Volume 158, Issue 4
Joel Rumson
Well, well, well, if it isn’t the light at the end of the tunnel. It’s not as bright as I would like, but it’s there.
February has passed, and now it’s March… Wasn’t it just October? I guess we really do need to stop and smell the roses.
February marked a turning point for The Brunswickan: We attended Canada’s largest student journalism conference, NASH, in Hamilton, Ontario. NASH is a national forum for student journalists from across the country. We met, laughed, and networked with other amazing students, slowly realizing that maybe we aren’t alone in this crazy world of student journalism.
Looking back, this moment is a special memory for me. It truly is a fucking wild world we find ourselves in, and coming together to adapt and overcome challenges collaboratively is a big step forward.
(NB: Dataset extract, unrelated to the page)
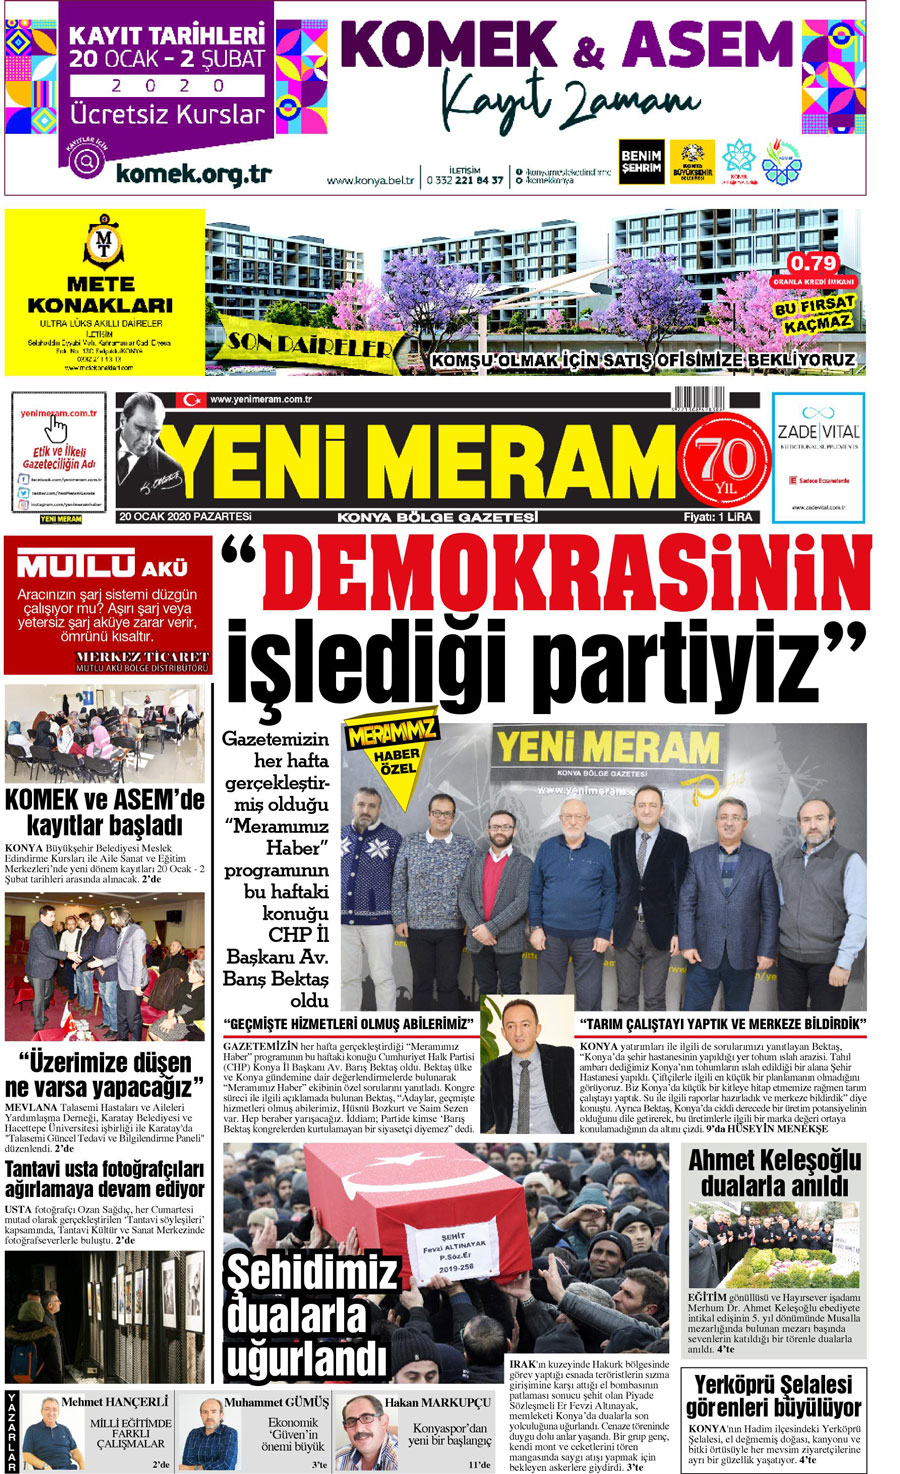 20 Ocak 2020 Yeni Meram Gazetesi

It really doesn’t get any better than that.
Sometimes, I reflect on my time as Editor-in-Chief, or my time in Features from 2022 to 2024, or even further back, as a part-time reporter in 2021. If you’ve followed the magazine, you know the story: it was orientation, and hell, I didn’t even know where I was.
But at NASH, I led not just myself as Editor-in-Chief, and my team, but also that same little reporting me from 2021, into a new and wild world we never could have imagined.
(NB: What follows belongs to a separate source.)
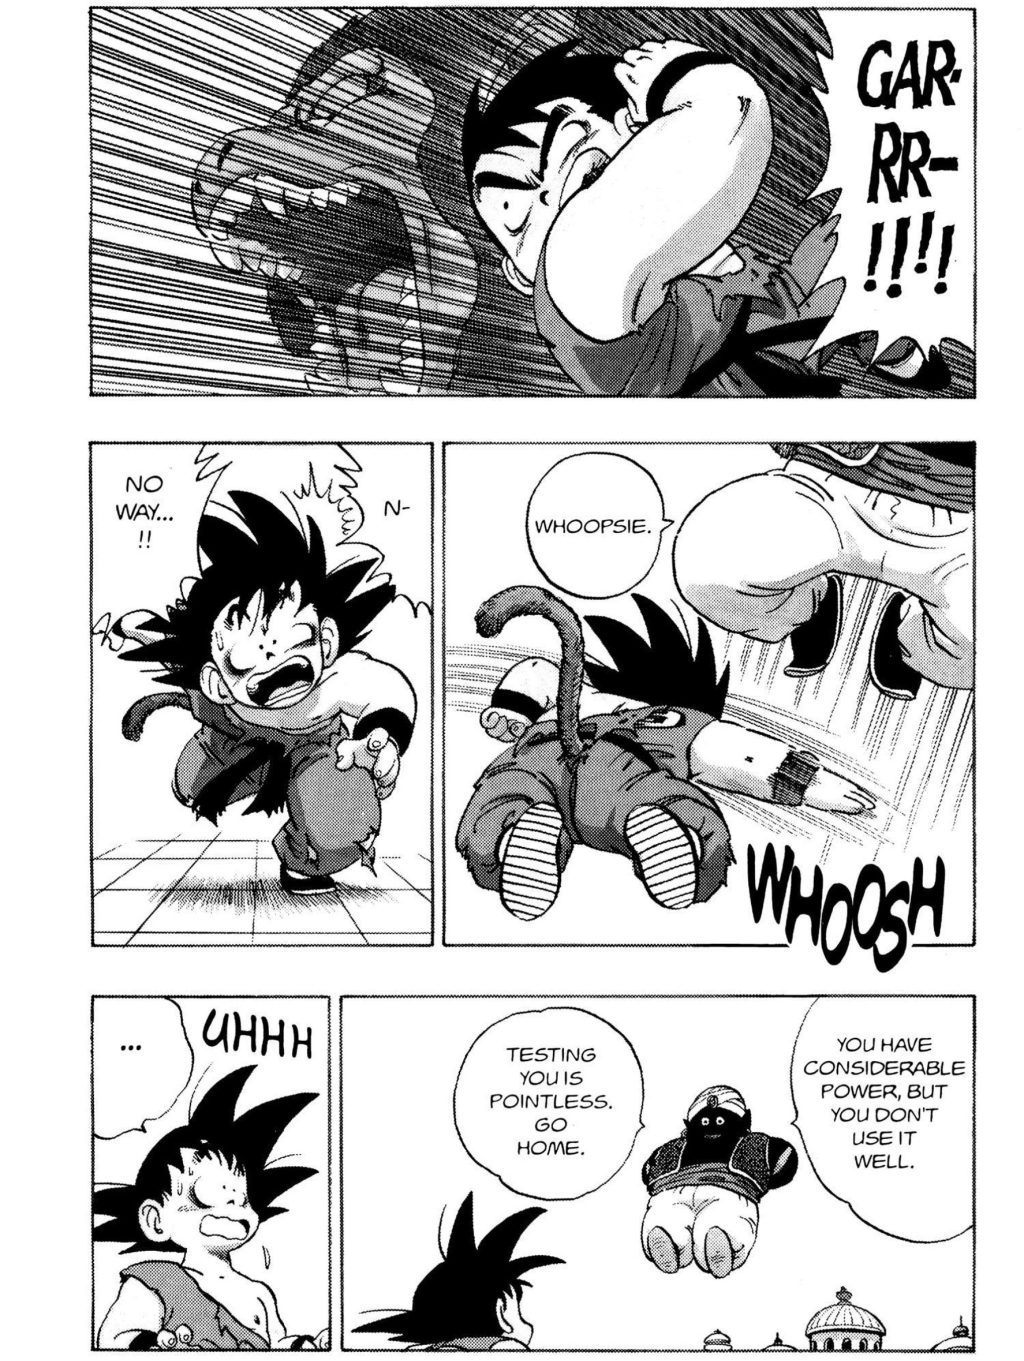 Popo facilmente ignora as tentativas de Goku de atacá-lo em Dragon Ball Capítulo 163 "O Santuário de Kami-sama" (1988), Shueisha.  Palavras e arte de Akira Toriyama.

Now, when I look in the mirror and see little reporter me, I proudly say, “you did it.”
What did I do, you ask? I provided my team with opportunities to grow, to learn, and to become better. Plus, I haven’t ever been to NASH — this was on my Brunswickan bucket list.
In simple terms, this means, to remember, to look back, and to smile. Not just because we went on a fantastic all-paid trip to Ontario, but, more importantly, when we almost got kidnapped in an Uber and later made it to the Hamilton Botanical Garden. When we met loads of fantastic students, and, when I almost choked Thomas because he wouldn’t stop snoring. Also, when we went to that extremely overwhelming club with smoke machines choking you out like when you were in grade 10 again and having a lunchtime sesh at your buddies… and my favourite, when we successfully found a weed dispensary in a whole new province — In New Brunswick, that is what we like to call: growth.
Everyone says, “students are the future”, but for fuck sake, can we just drop the academic talk? Can we cut the shit, and be honest with each other? The faster you do, the faster you will appreciate all the fantastic life achievements you have made thus far — that are not revolving around a fucking letter grade.
For me, one is getting weed in a new province.
But, I could go on and on for pages and pages on what I appreciate… so it is probably best we just end it here and I let you enjoy the next 25.